June 2022 Newsletter
Bergamot is an herbal approach to… lowering cholesterol numbers. It works in a similar way to red yeast rice bran. To simplify the process, the liver makes cholesterol by putting two separate molecules together. The rice bran and the bergamot interfere by being more able to bind with one of the two parts so that they cannot combine with the part that would have made cholesterol. My husband, Norm, conducted a personal experiment to give it a try. This week we got the lab results that his total cholesterol went down 50 points. That’s an experiment of ONE – but for us it was quite a thrill.
A much more important lifestyle change that must be made in order to be healthy is to maintain a healthy weight. People frequently come to me in some kind of pain that limits their ability to exercise. I tell them that exercise is only one part of weight control. Always remember, you can NOT ‘out run’ your fork. Here’s a fairly new idea in the battle for weight control for those who stress eat.

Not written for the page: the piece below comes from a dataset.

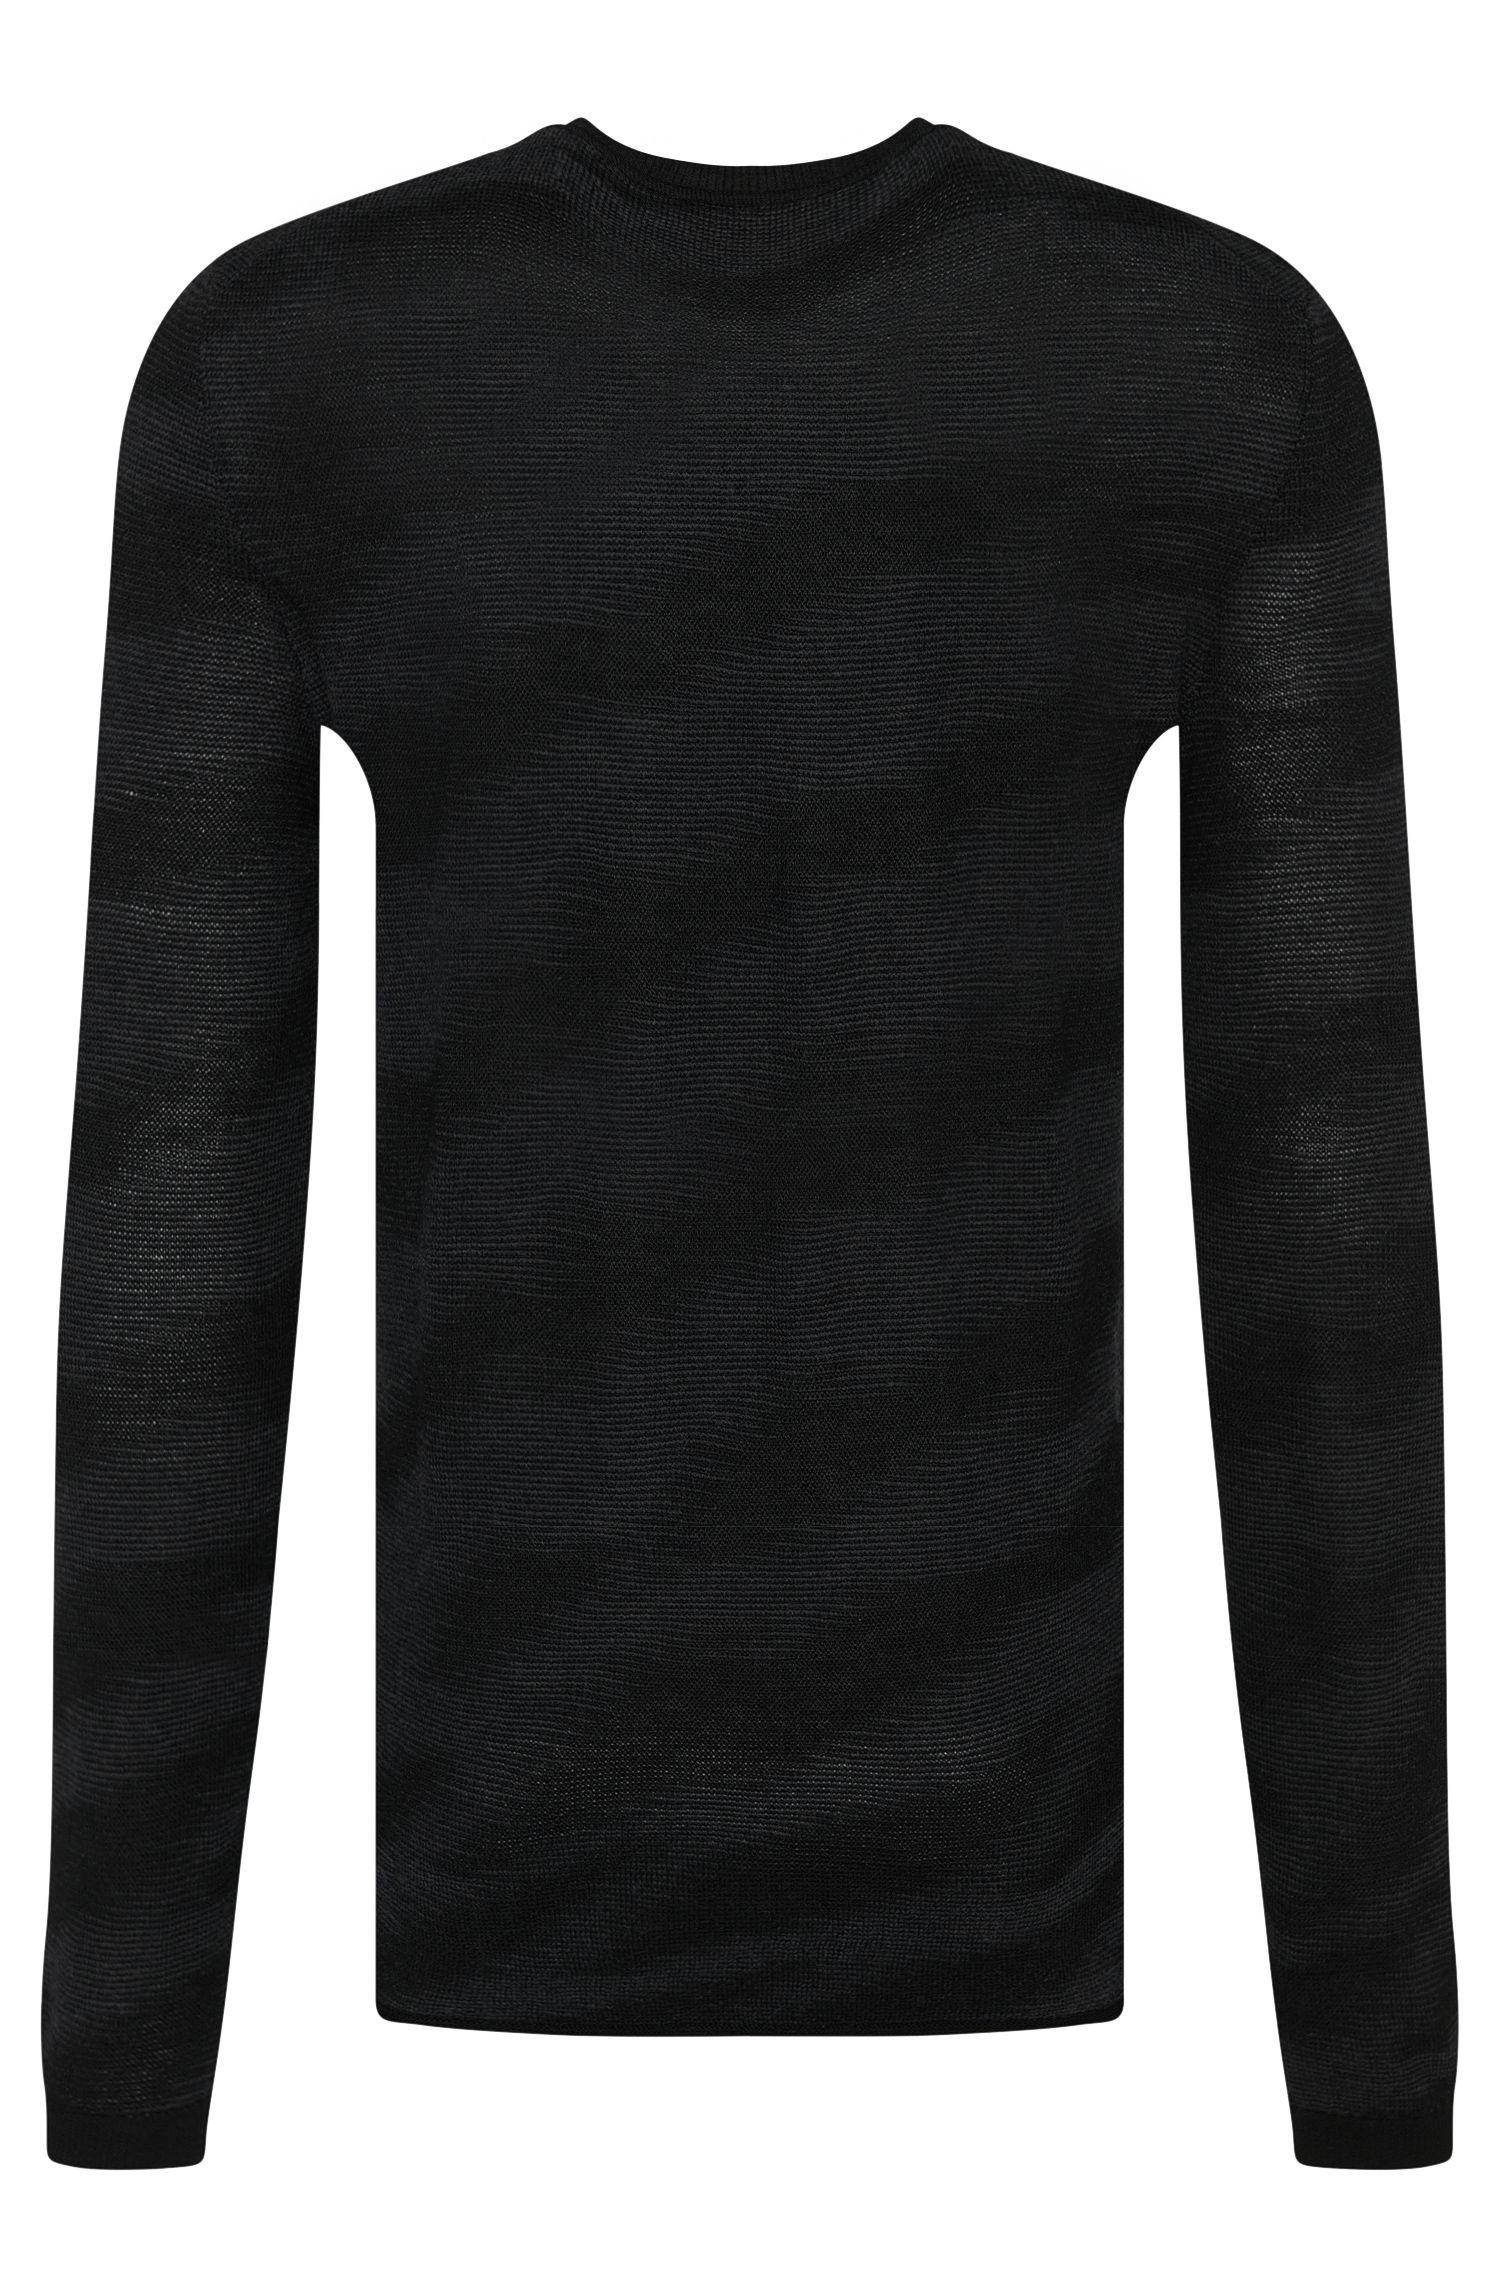 Loose-Fit Pullover aus Schurwolle mit diagonalem Allover-Muster: 'Savo'

When you stress eat, do you reach for high calorie, overly processed foods? Then exercise might be your best ally. How is that? A brain region called the dorsolateral prefrontal cortex (dlPFC) can help a person limit giving into those cravings for ultra-processed foods. How? By starting the thinking processes needed to gain conscious control over food choices. Those junk foods excite the brain activity in regions associated with reward.
That is what gives a person a drive to eat even when they’re not hungry. Using functional brain imaging to examine brain responses, neuroscientists have seen that increased activity in the dlPFC can control food cravings. How? By decreasing activity in the ‘rewards center’ of the brain a person is more able to have more conscious control over their food choices. Exercises are a way to decrease activity in that region of the brain.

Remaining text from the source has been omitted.